* _PROVIDED DATA_
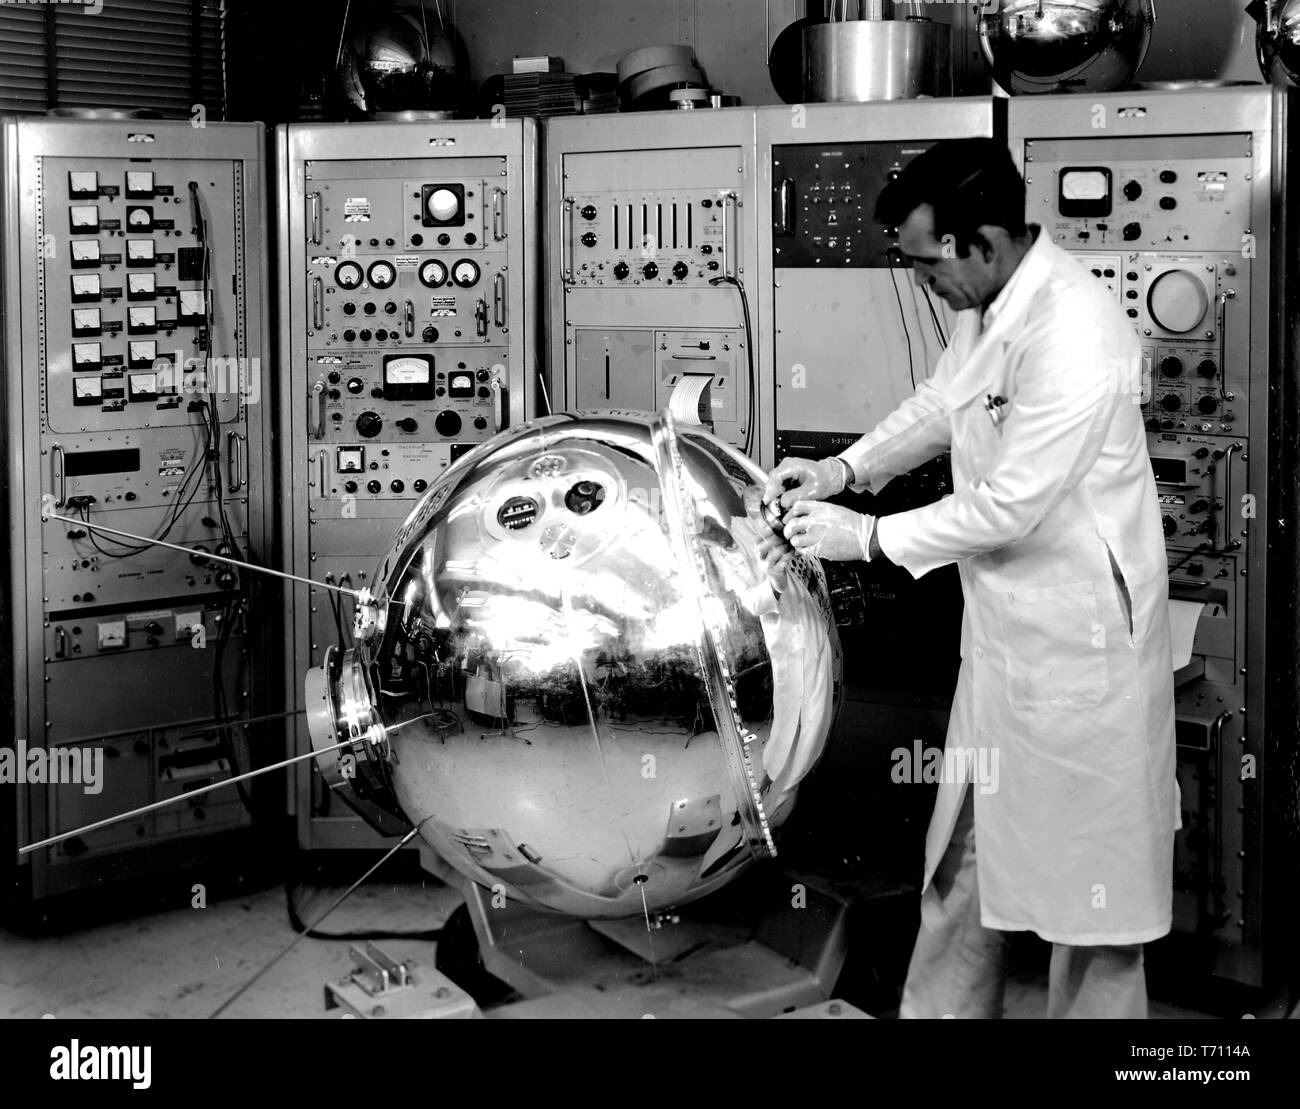 La préparation de l'ingénieur de la NASA Explorer XVII satellite pour lancer à partir de Cap Canaveral, Floride, 1963. Droit avec la permission de la National Aeronautics and Space Administration (NASA). () Banque D'Images
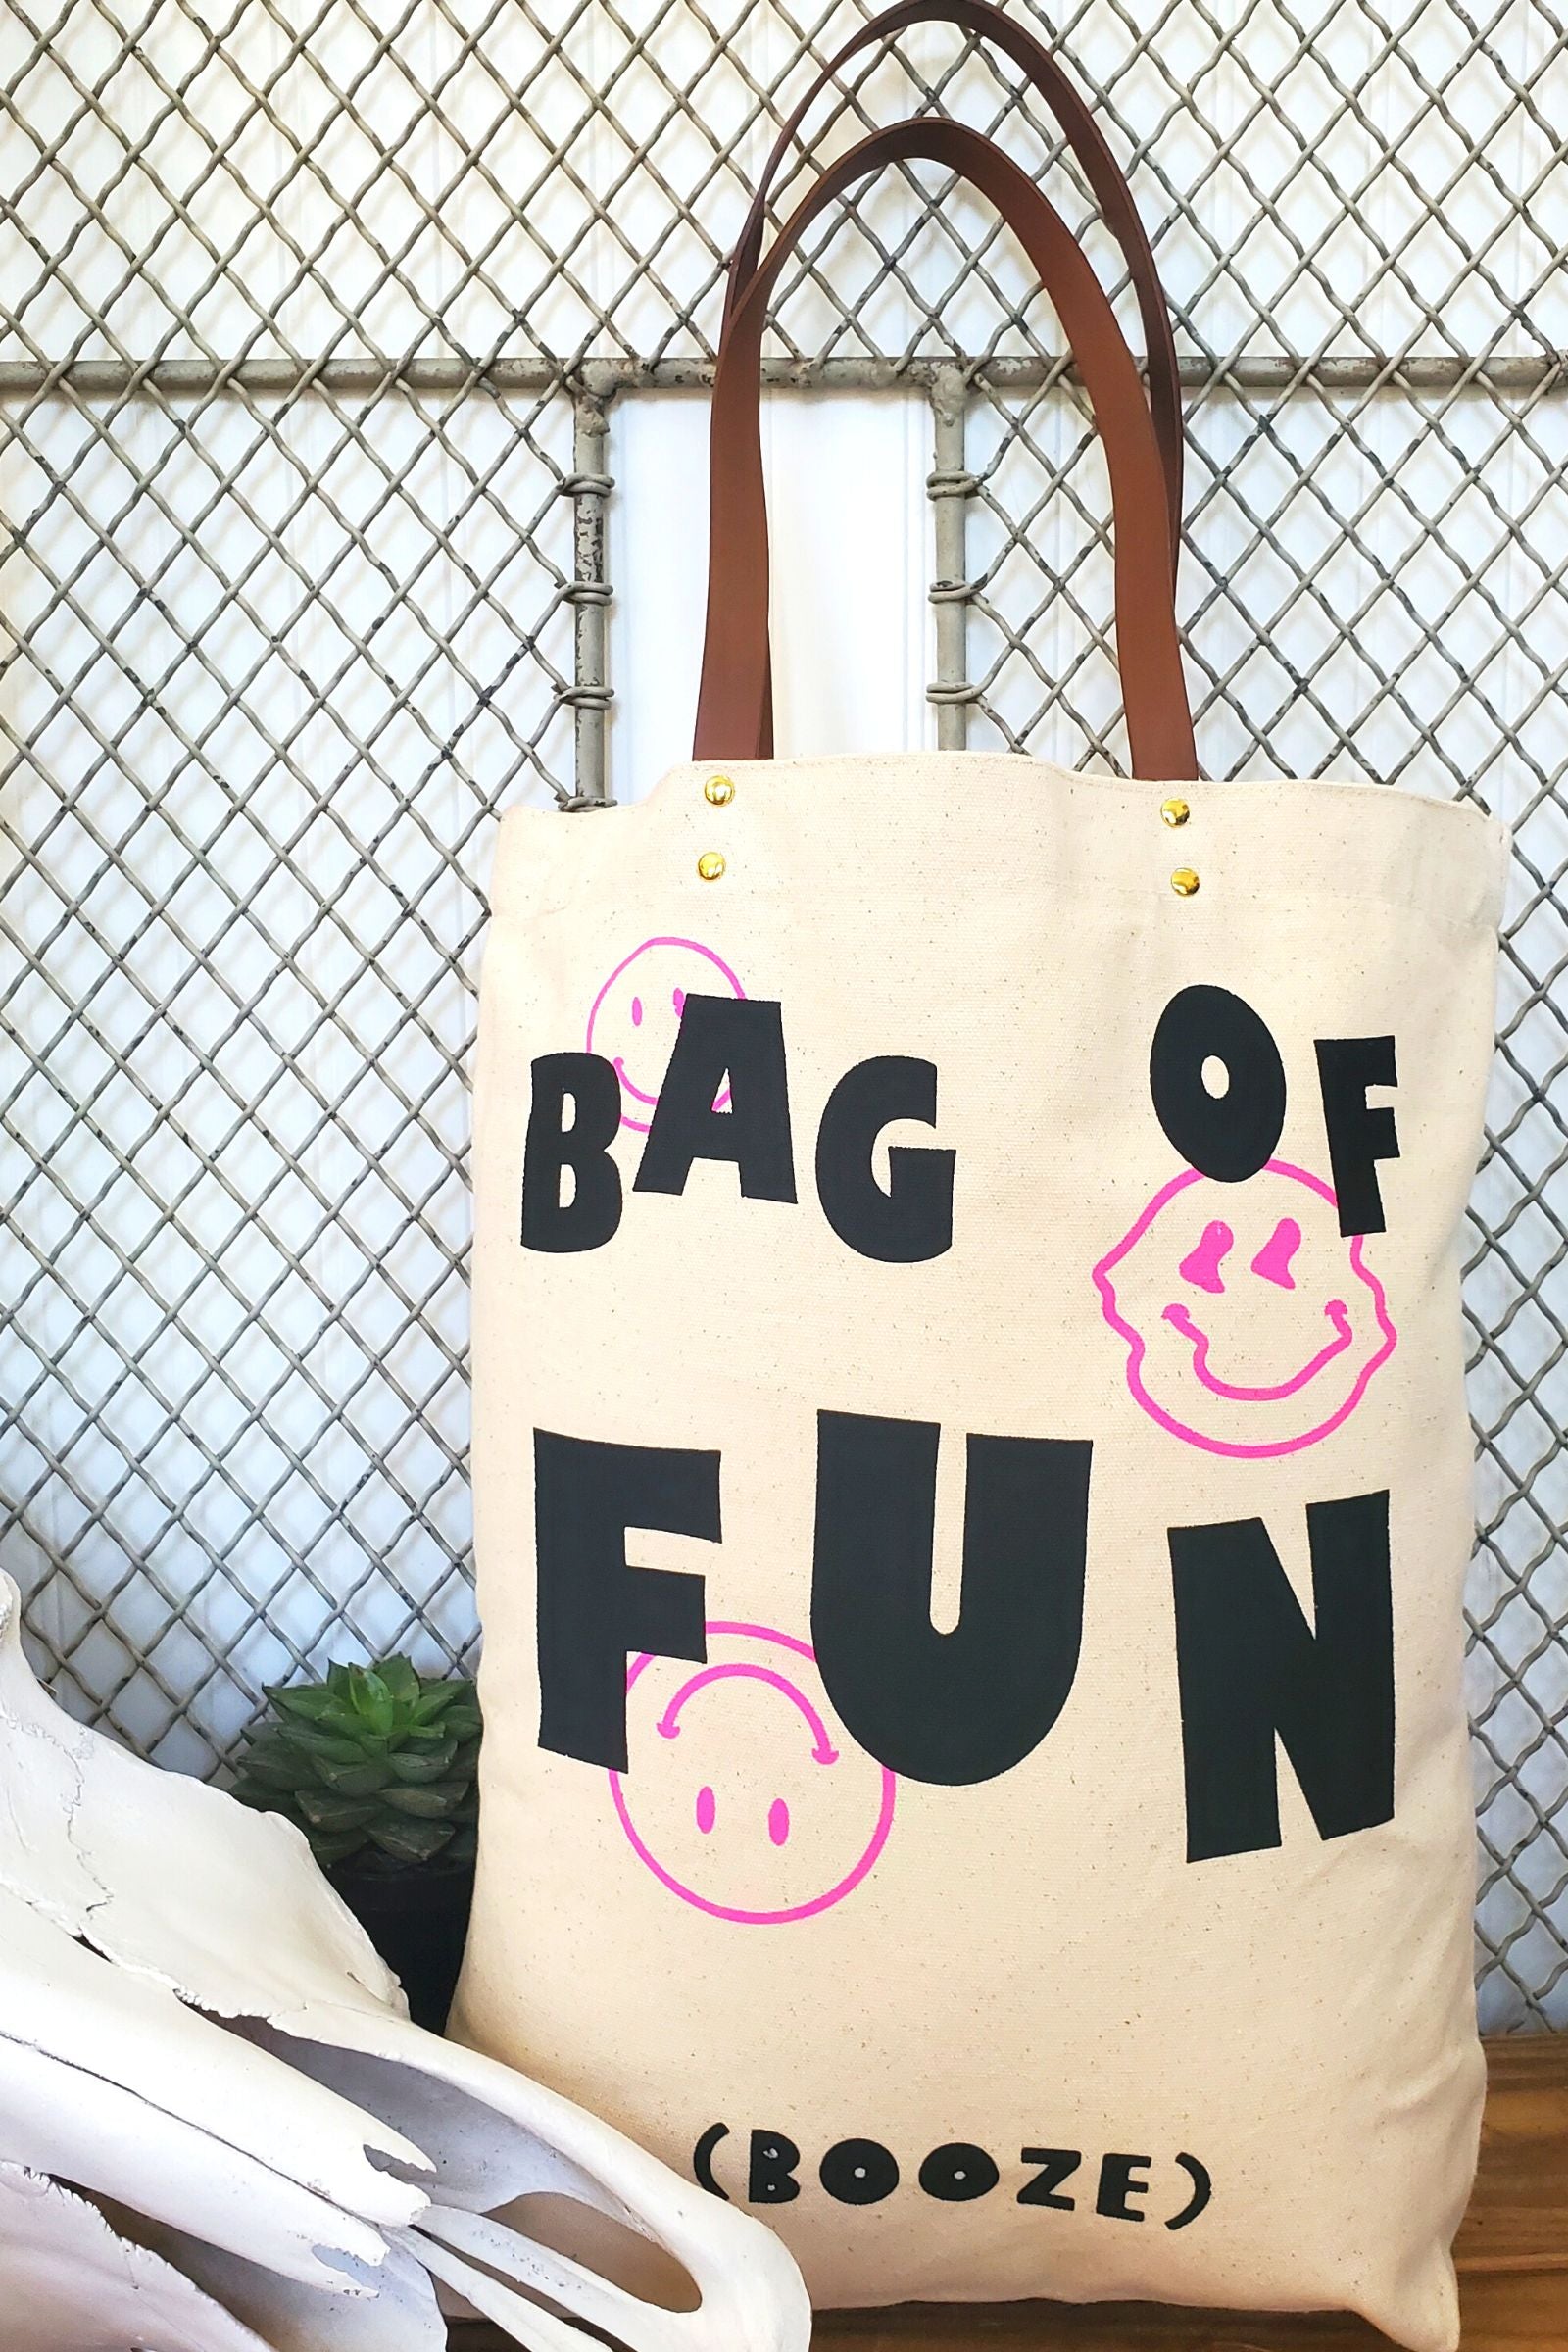 Bag of Fun (Booze) Tote Bag
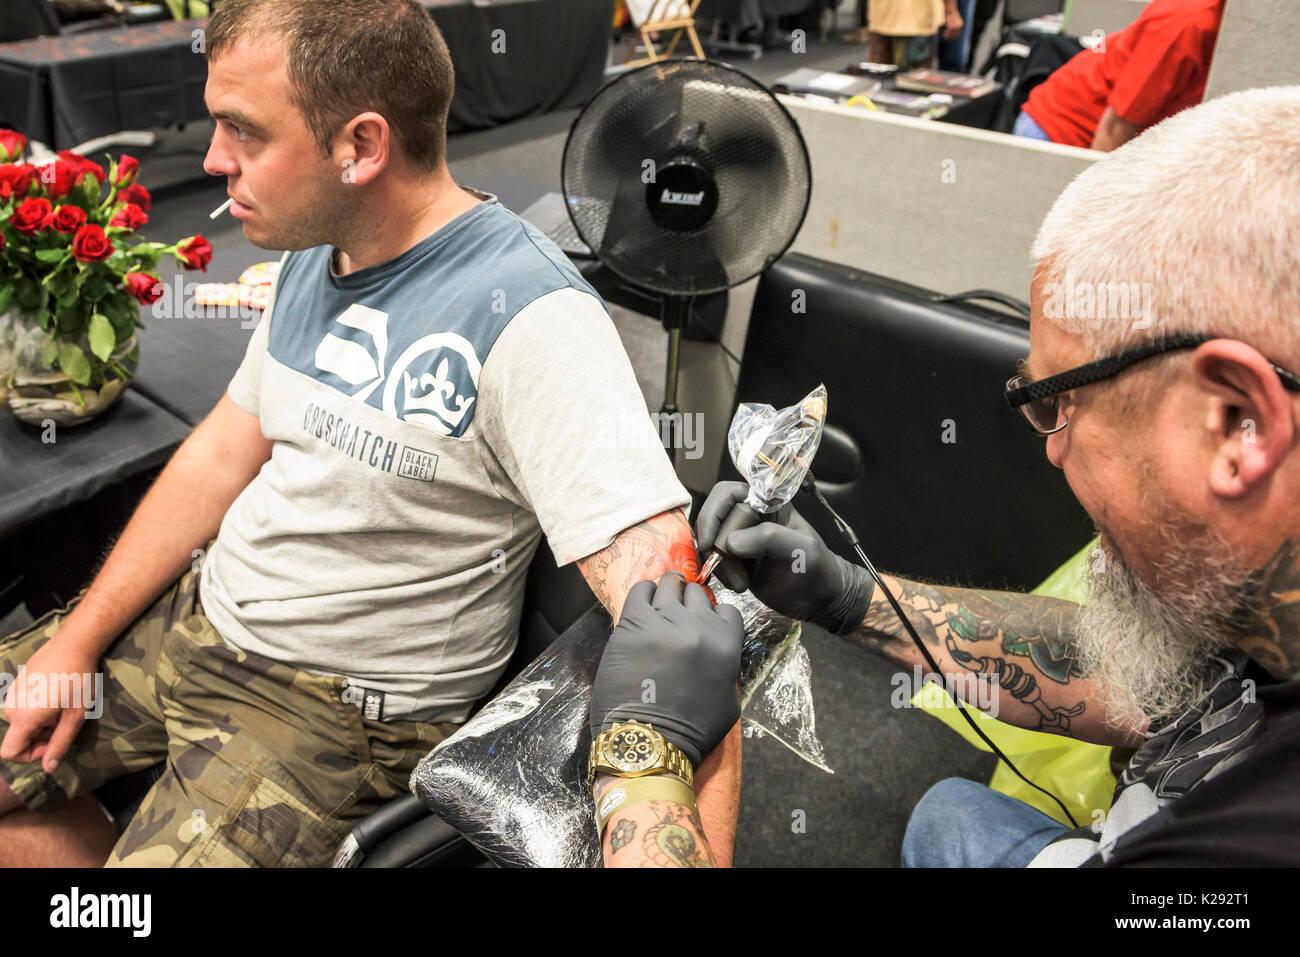 Tatuaggio - Giovanni da Hells Gates Tattoo Studio tatuaggio al braccio di un cliente al Cornwall Tattoo Convention. Foto Stock
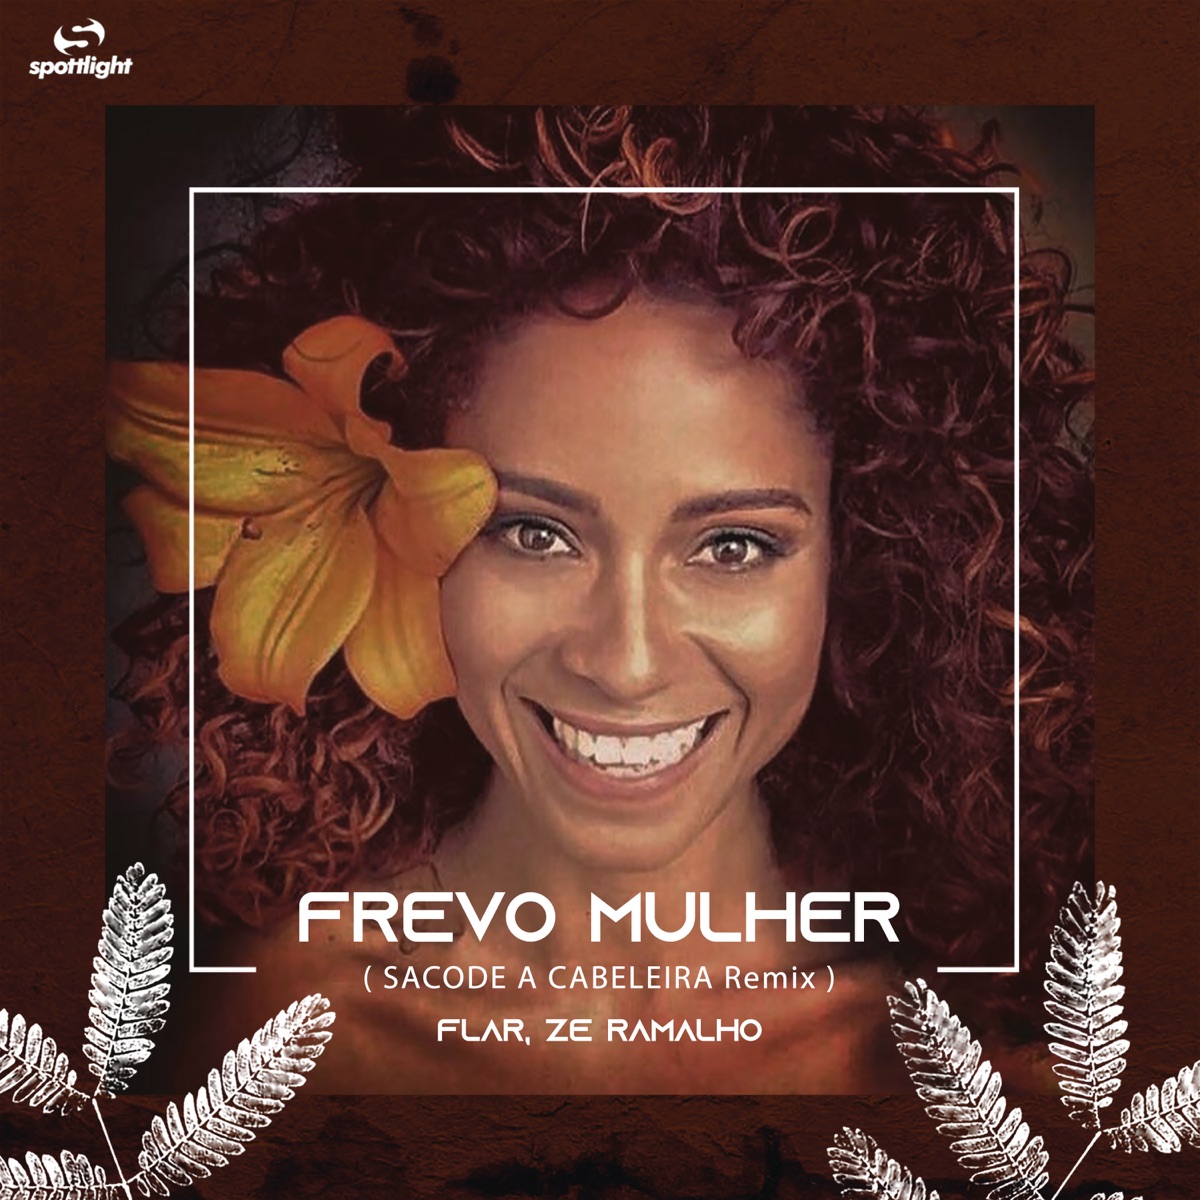 Frevo Mulher (Sacode a Cabeleira Remix) – Song by DJ Flar & Zé

* _WHAT THIS TASK INVOLVES_
For this exercise, transcribe the data above line by line, exactly, with pictures omitted.

* _THE COMPLETED TASK_
 La préparation de l'ingénieur de la NASA Explorer XVII satellite pour lancer à partir de Cap Canaveral, Floride, 1963. Droit avec la permission de la National Aeronautics and Space Administration (NASA). () Banque D'Images
 Bag of Fun (Booze) Tote Bag
 Tatuaggio - Giovanni da Hells Gates Tattoo Studio tatuaggio al braccio di un cliente al Cornwall Tattoo Convention. Foto Stock
 Frevo Mulher (Sacode a Cabeleira Remix) – Song by DJ Flar & Zé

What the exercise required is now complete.